Résumé
Le tamoxifène (Tam) est le principal médicament utilisé dans le monde en hormonothérapie des
cancers du sein qui expriment les récepteurs des oestrogènes (RE). Le Tam est également utilisé en
Amérique du Nord à titre préventif chez les sujets à risque. Ce médicament a été conçu comme un
antagoniste des RE et bloque par ce mécanisme les effets mitogènes de l’oestradiol qui est le
régulateur endogène de ces récepteurs. Le Tam présente malheureusement une activité agoniste des
RE dans certains tissus qui provoque des effets secondaires indésirables et la stimulation de
l’apparition de cancers de l’endomètre chez un patient sur 1000. En revanche, le Tam présente des
effets pharmacologiques qui n’impliquent pas forcément les RE tels que des effets athéroprotecteurs et
une activité antiproliférative sur certaines tumeurs qui n’expriment pas les RE. Ces observations ont
conduit à la recherche de nouvelles cibles du tamoxifène pouvant expliquer ces effets bénéfiques. Mon
travail de thèse a permis l’identification de deux cibles nouvelles du Tam qui expliquent ces effets.
Dans une première partie de ma thèse j’ai participé à l’identification d’une nouvelle cible du Tam qui
est l’acétyl-CoA cholestérol acyl transférase (ACAT). Elle agit sur le développement de la plaque
athéromateuse en favorisant l’accumulation d’esters de cholestérol. L’observation d’analogies de
structure entre le Tam et un inhibiteur de l’ACAT nous a incité à étudier l’impact du Tam sur l’activité
catalytique de l’ACAT. Nous avons montré in vitro, sur des microsomes de foie de rat, que le Tam est
un inhibiteur de l’ACAT à des concentrations thérapeutiques. Nous avons ensuite montré qu’il inhibe
la transformation des macrophages en cellules spumeuses en bloquant l’activité ACAT sur ces
cellules. Ce mécanisme peut donc expliquer les effets athéroprotecteurs du Tam.
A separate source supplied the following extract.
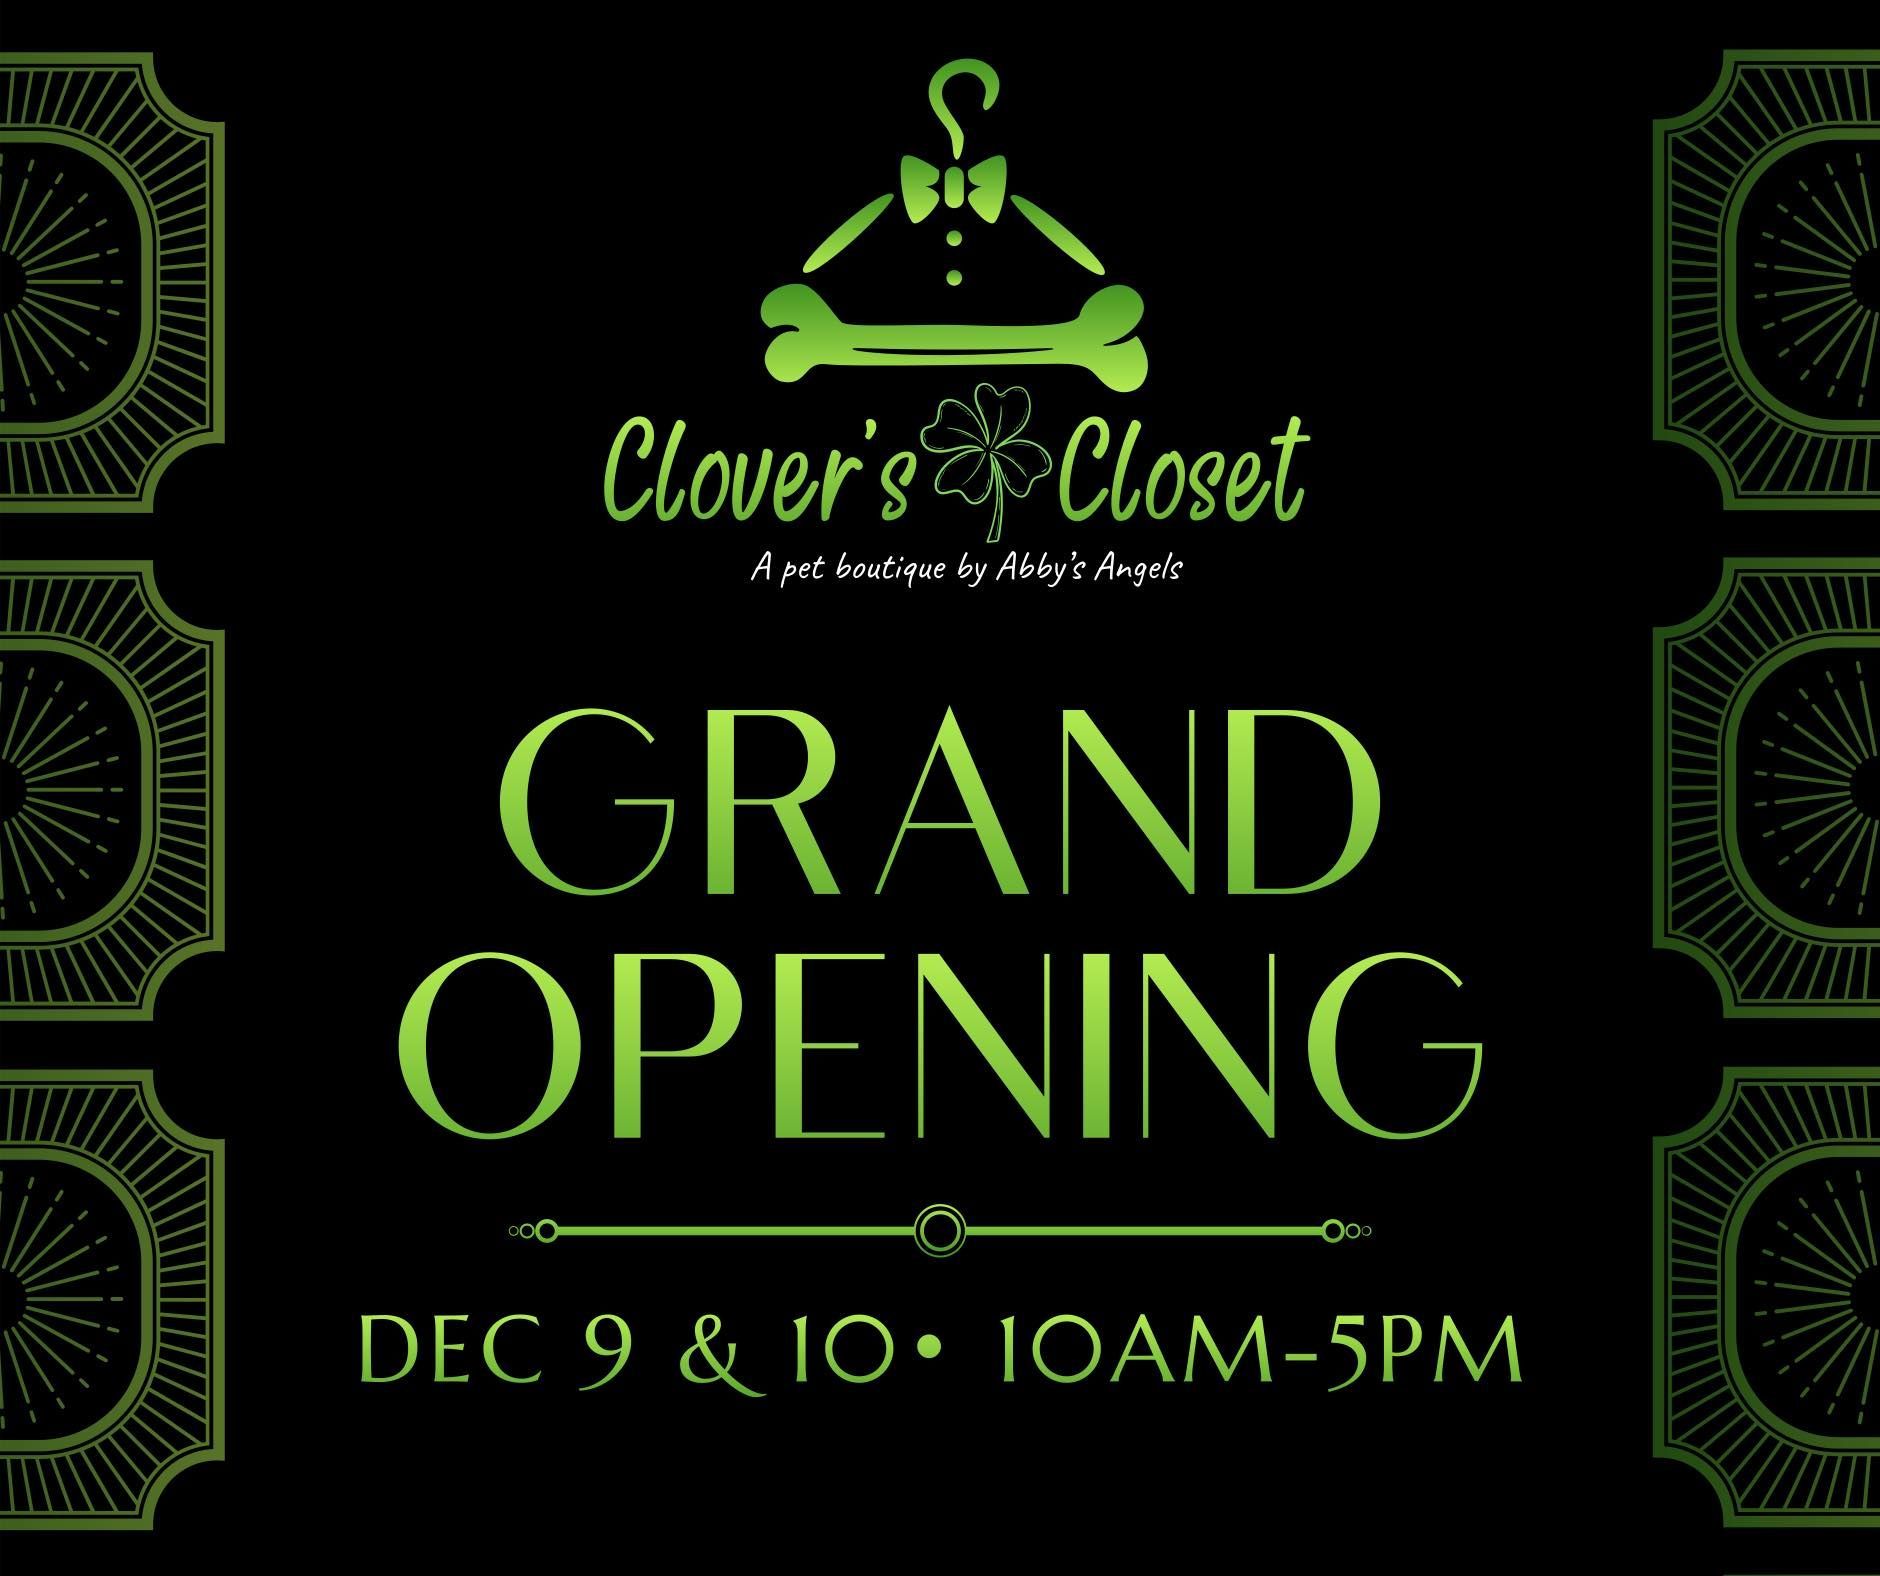 Clovers Closet is located at 114 W Pitt St Bedford, PA 15522

Il est établi depuis de nombreuses années que le Tam se fixe avec haute affinité sur le site de liaison
microsomal des antioestrogènes (AEBS) qui n’avait pas été identifié. Nous avons dans une seconde
partie étudié l’implication des AEBS dans le contrôle de la prolifération de cellules tumorales
mammaires. L’équipe a identifié le site AEBS en démontrant qu’il est constitué par l’association de
deux enzymes impliquées dans la biosynthèse du cholestérol. Nous avons montré que les ligands
d’AEBS dont le Tam et un ligand sélectif le N,N pyrrolidino [4 benzyl) phenoxy éthanamine] (PBPE),
entraînent l’accumulation massive des substrats de ces enzymes dans les cellules : le zymostenol et le
7-déhydrocholestérol. Nous avons étudié l’impact de cette inhibition sur le contrôle de la prolifération
de cellules tumorales mammaires. Nous montrons que le PBPE et la Tam induisent un blocage du
cycle cellulaire et des caractéristiques de différenciation sur les cellules tumorales mammaires
humaines (MCF7). Le PBPE et le Tam induisent l’accumulation et la sécrétion de lipides et de
protéines du lait. Ces effets apparaissent indépendants du récepteur des œstrogènes puisqu’observés
avec le PBPE. Cependant, des lignées tumorales mammaires qui n’expriment pas ou peu de RE ont
une moindre sensibilité aux drogues. Les effets différenciants observés avec le PBPE et le Tam sont
aussi produits par le zymosténol et le 7-dehydrocholesterol. Ces observations établissent donc un lien
entre le site AEBS et le contrôle de la prolifération et de la différenciation des cellules tumorales
mammaires humaines. De plus, nous avons établi que cet effet est conditionné par la production de
produits d’oxydation du zymostenol et du 7-déhydrocholestérol. En effet, l’addition d’antioxydants
tels que la vitamine E inhibe la transformation des stérols en oxystérols et les caractéristiques de
différenciation observées avec les drogues et les stérols.
Enfin, nous avons mis en évidence que l’utilisation de concentrations plus élevées et de temps
d’incubation plus longs de ligands d’AEBS induisent une mort cellulaire active. Nous avons pu
caractériser cette mort cellulaire par des modifications mitochondriales (potentiel de membrane,
relargage du cytochrome C, nucléarisation du facteur AIF), par l’accumulation de marqueurs
autophagiques ( LC3 II, autophagosomes) ainsi que par la régulation de protéines des voies
d’activation de l’autophagie comme Beclin et Bcl-2.
Lors de ces travaux nous avons donc pu mettre en évidence deux cibles importantes du tamoxifène qui
participent à son activité thérapeutique. Ces études montrent que le site AEBS constitue une cible
potentielle pour le développement d’agents anticancéreux et chémopréventifs.